### EXERCISE
Each line in the material below, starting at the one that contains "Beans, Rice, Spices - 7 UHQ JPEG" and ending at the one that contains "Thoughtful young woman", should be repeated exactly; the pictures should not.

### MATERIAL SHOWN

· · ·

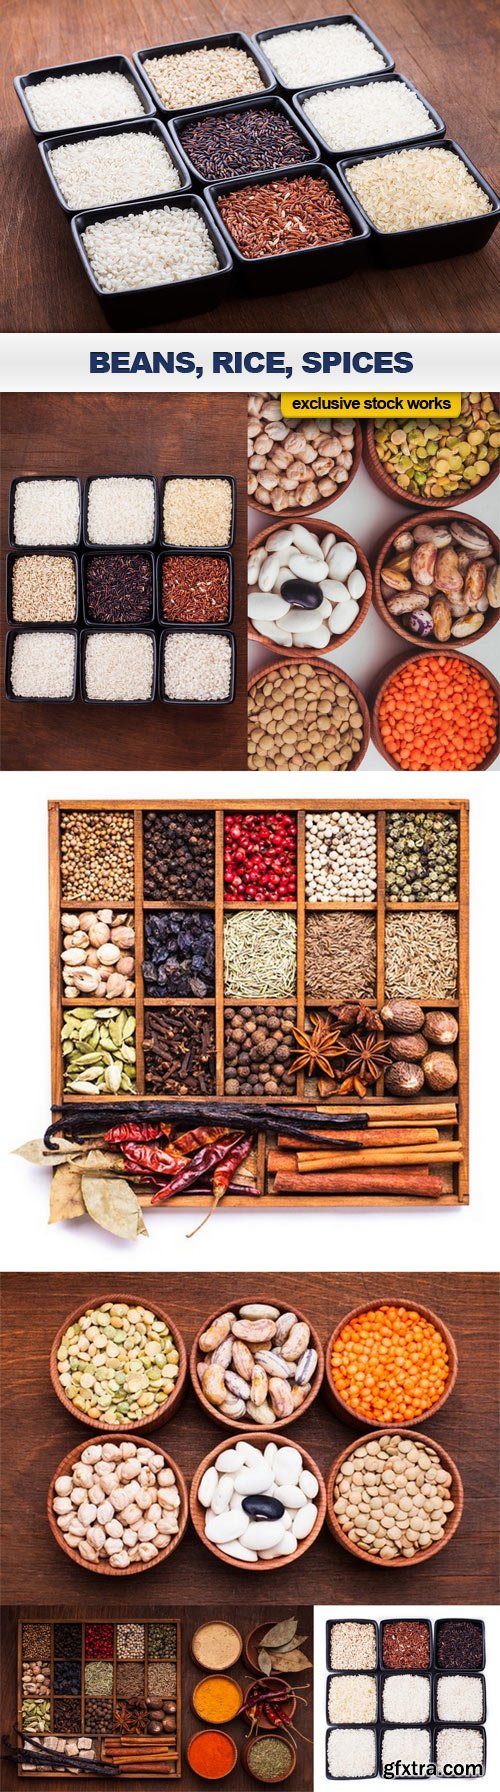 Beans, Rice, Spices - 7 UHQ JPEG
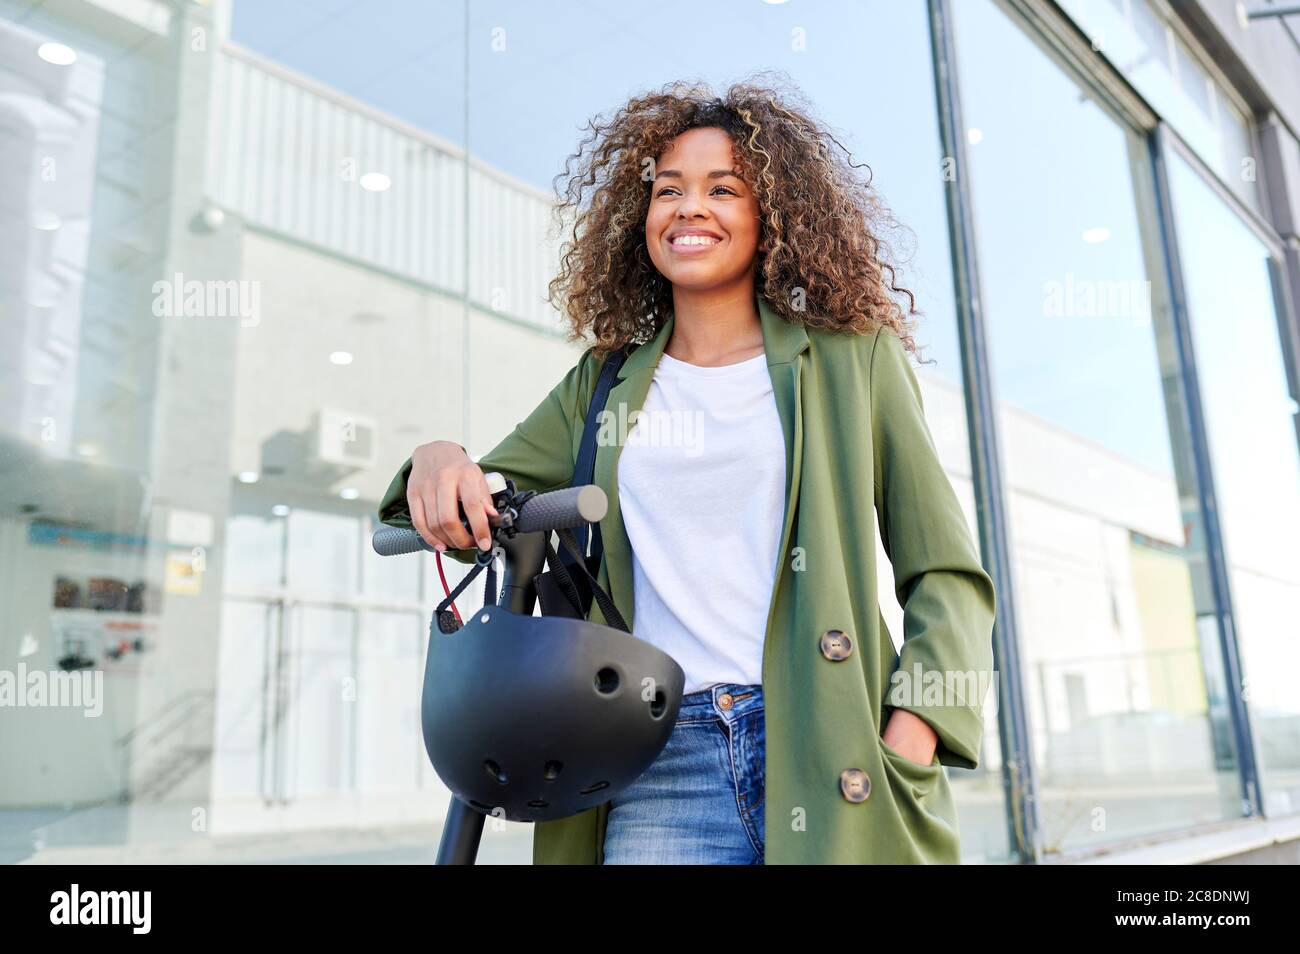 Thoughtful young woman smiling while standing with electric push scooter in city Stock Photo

· · ·

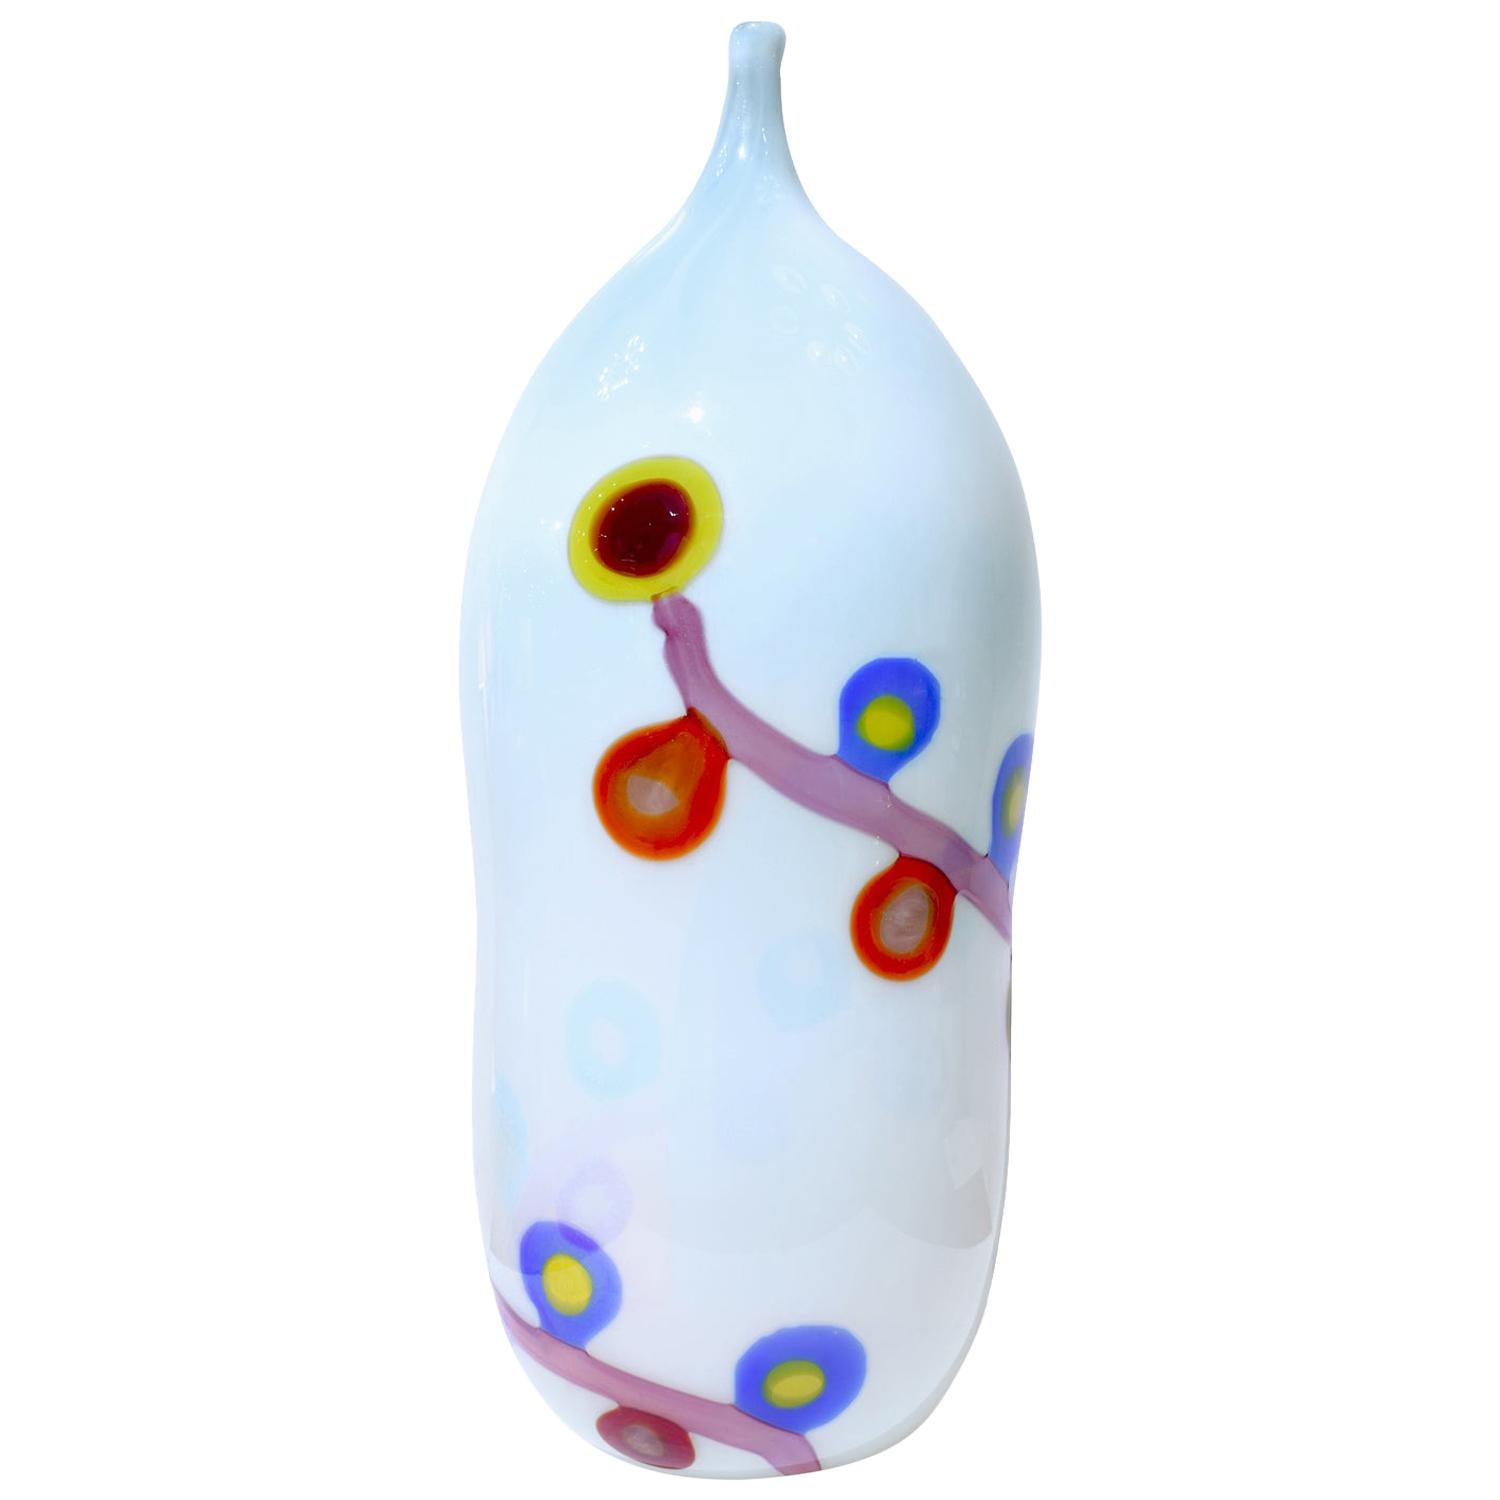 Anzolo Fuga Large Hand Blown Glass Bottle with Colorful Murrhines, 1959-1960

· · ·

### ANSWER BOX
 Beans, Rice, Spices - 7 UHQ JPEG
 Thoughtful young woman smiling while standing with electric push scooter in city Stock Photo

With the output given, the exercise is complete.